Hilliard emerged from his apprenticeship at a time when a new royal portrait painter was "desperately needed". Two panel portraits long attributed to him, the "Phoenix" and "Pelican" portraits, are dated c. 1572–76. Hilliard was appointed limner (miniaturist) and goldsmith to Elizabeth I at an unknown date; his first known miniature of the Queen is dated 1572, and already in 1573 he was granted the reversion of a lease by the Queen for his "good, true and loyal service." In 1571 he had made "a booke of portraitures" for Robert Dudley, 1st Earl of Leicester, the Queen's favourite, which is likely to be how he became known to the Court; several of his children were named after Leicester and his circle.

Despite this patronage, in 1576 the recently married Hilliard left for France "with no other intent than to increase his knowledge by this voyage, and upon hope to get a piece of money of the lords and ladies here for his better maintenance in England at his return", carefully reported the English Ambassador in Paris, Sir Amyas Paulet, with whom Hilliard stayed for much of the time.

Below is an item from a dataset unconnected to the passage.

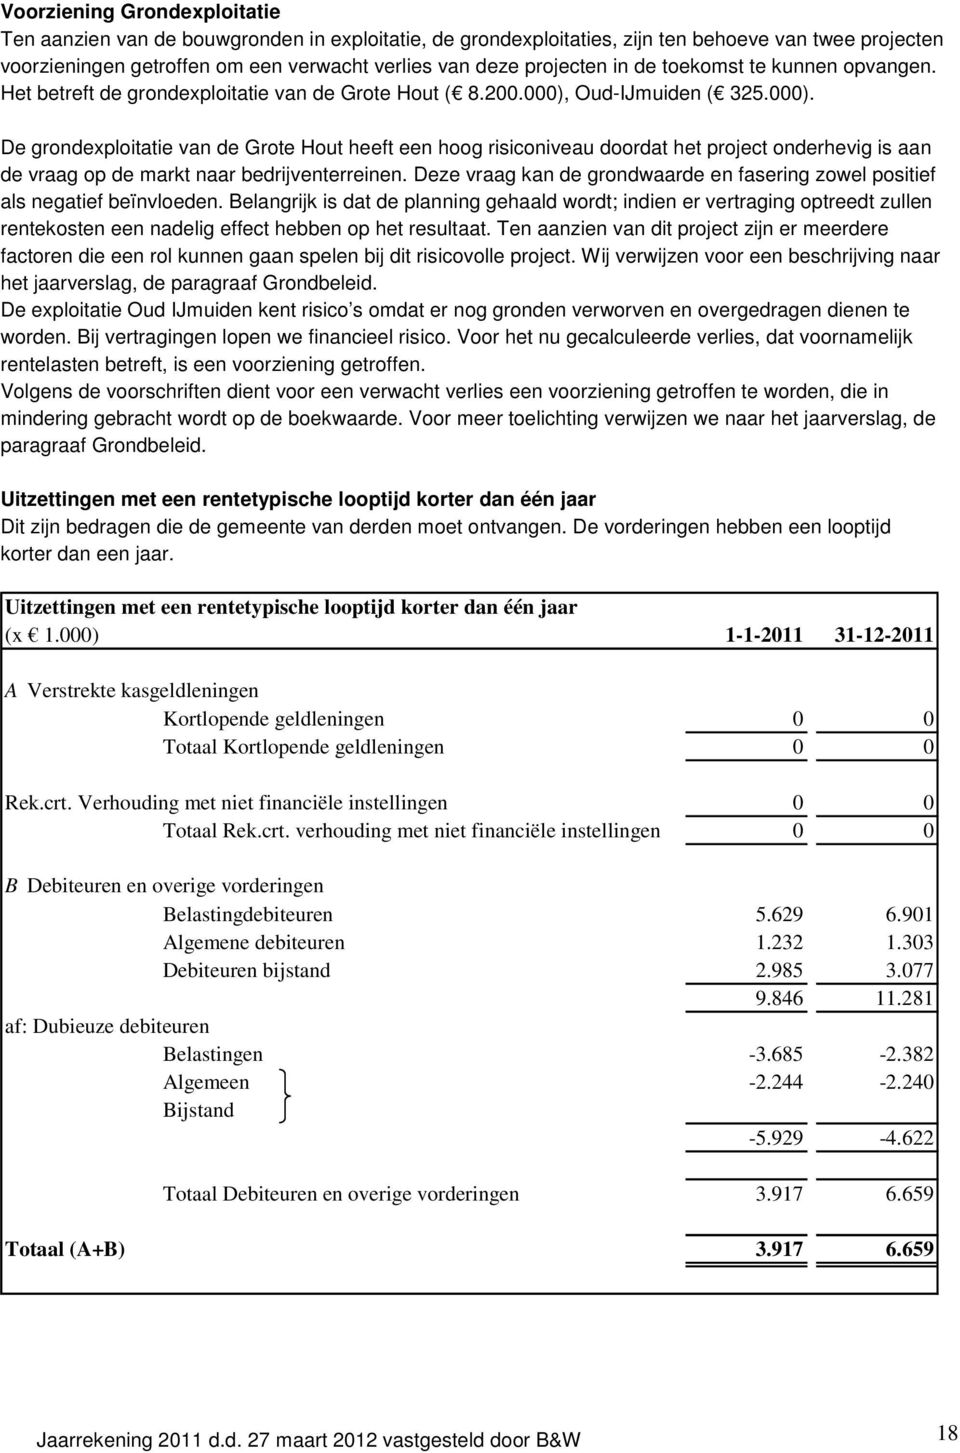 Oud-IJmuiden ( 325.000). De grondexploitatie van de Grote Hout heeft een hoog risiconiveau doordat het project onderhevig is aan de vraag op de markt naar bedrijventerreinen.

Francis Bacon was attached to the embassy, and Hilliard did a miniature of him in Paris. He remained until 1578–79, mixing in the artistic circles round the court, staying with Germain Pilon and George of Ghent, respectively the Queen's sculptor and painter, and meeting Ronsard, who perhaps paid him the rather double-edged compliment later quoted by Hilliard: "the islands indeed seldom bring forth any cunning man, but when they do it is in high perfection".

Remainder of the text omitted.